Exercise 4.4: Are the Differences Between Two Means Significant?

The purpose of this exercise is to use a T-Test to determine whether the difference between two means is statistically significant.

Steps:

a. Let’s use “SuperAndMegaTTest.xlsx”.

b. Under the Data menu, click on Data Analysis. The analysis we want to do is “t-Test: Two-Sample Assuming Unequal Variances.”

a. Let’s look at the customer’s opinion of Price first between the Supra Sedan and the Mega SUV.

b. For variable 1 range, select C2:C11.

c. For variable 2 range, select C15:C26.

d. You can click on any cell for Output range.

e. The two-tailed p-value is 2.15739E-06 or 0.000002157 or 0.0002157%. That means the chance that these two means are the same is very, very low. Therefore, we would conclude that the difference between these two means IS significant.

c. Now try the same analysis on Overall Satisfaction.

a. Variable 1 range is B2:B11. Variable 2 range is B15:B26.

b. The probability that these two means are the same is quite high (80%). Therefore, we would conclude that the difference between these two means is NOT significant.

d. How about Attractiveness?

a. It is different.

Exercise 4.5: An Example of a Bimodal Distribution

In this exercise we will look at the histogram that results from a bimodal distribution and compare it with the mean and median.

Steps:

a. Open the “Obamacare” spreadsheet. This is totally made up data. Imagine that subjects were asked this question: “How do you feel about Obamacare on a scale of 1 to 7 where 1 means ‘Hate It!’ while 7 means ‘Love It!’.

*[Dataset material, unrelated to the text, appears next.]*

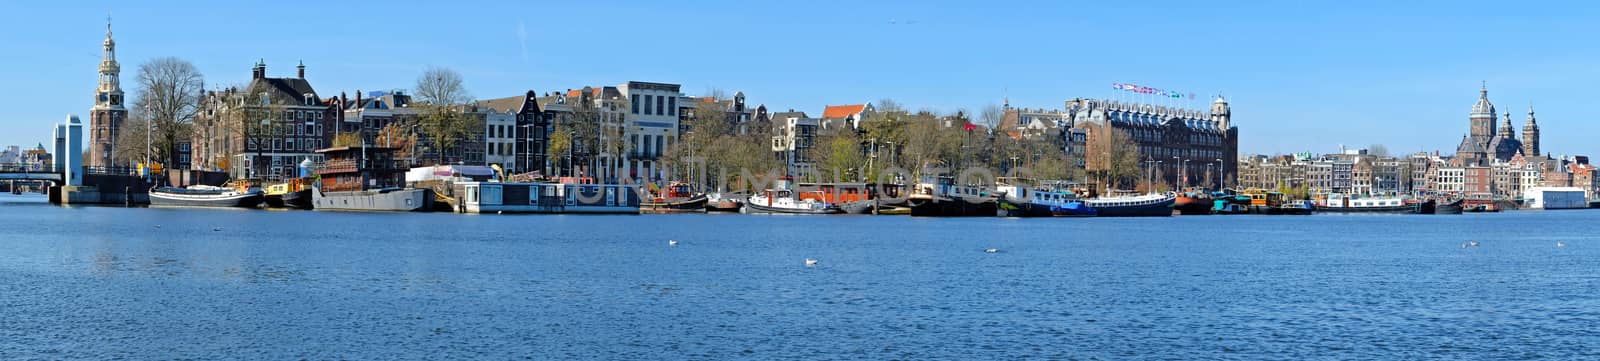 Panorama from the city Amsterdam in the Netherlands 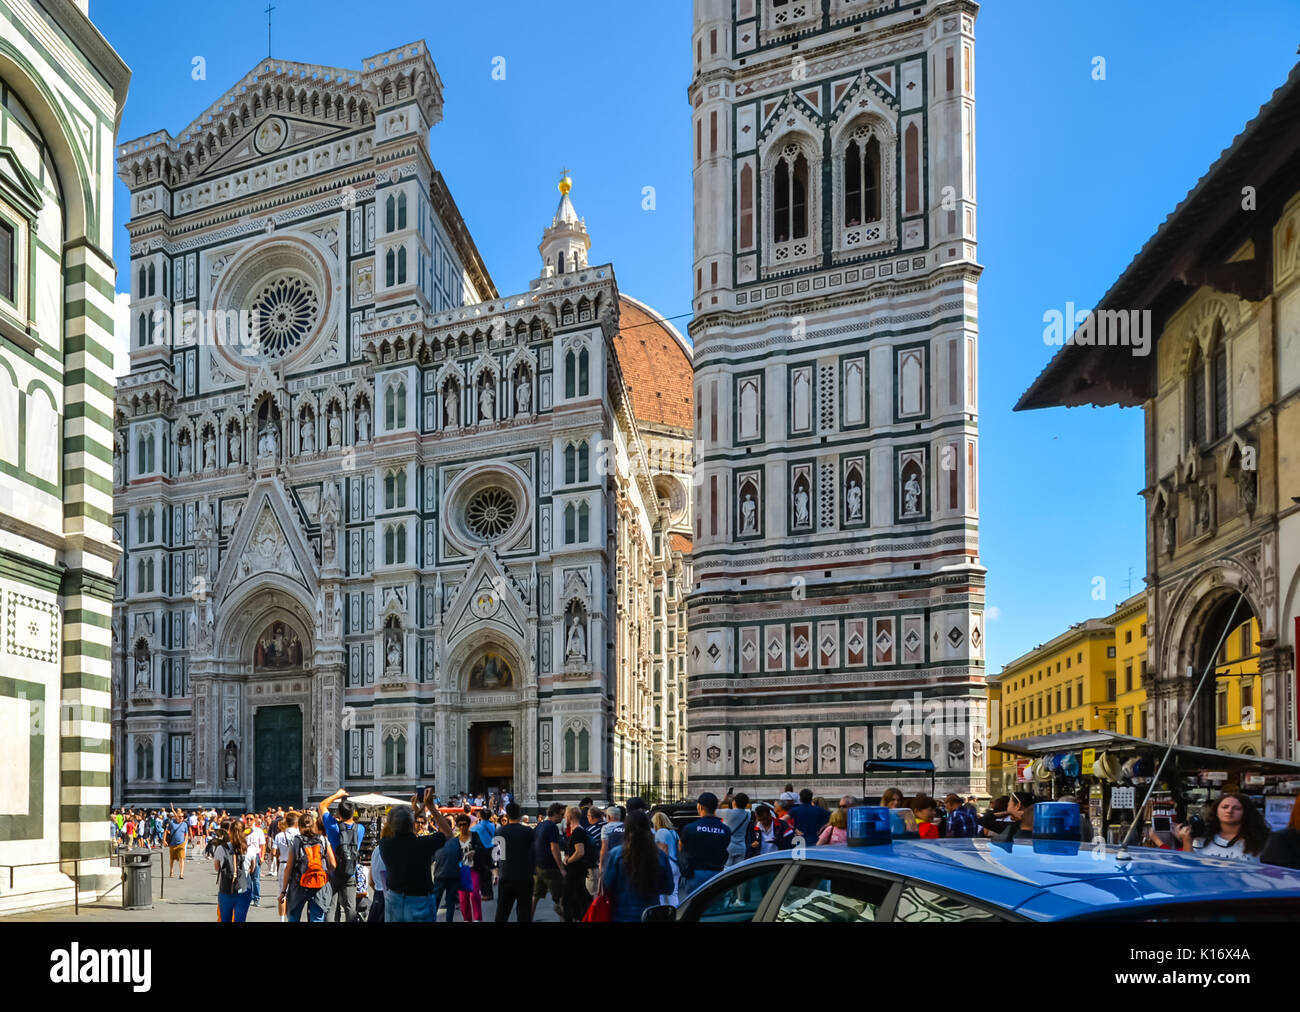 The Piazza del Duomo at the historic center of Florence Italy with the Florence Cathedral, Giotto's Campanile or Bell Tower and the Baptistery Stock Photo

b. Compute the mean of Column B (the ratings).

c. Compute the median of Column B.

d. Now, use Data – Data Analysis – Histogram to produce a histogram.

a. The bins can be found in Column E.

b. What do you see?

c. Is the mean misleading? How about the median?

Exercise 4.6 Sentiment Analysis Using an Annotated List of Words

In this exercise we’ll use a freely available macro from Mike Alexander.

Steps:

a. Open “LinksysSentiment”.

b. Column A contains the customer’s review.

c. B contains the value output by the formula: GetSentimentValue.

d. Just for fun, type some of your own text in A2 and see what sentiment score you get.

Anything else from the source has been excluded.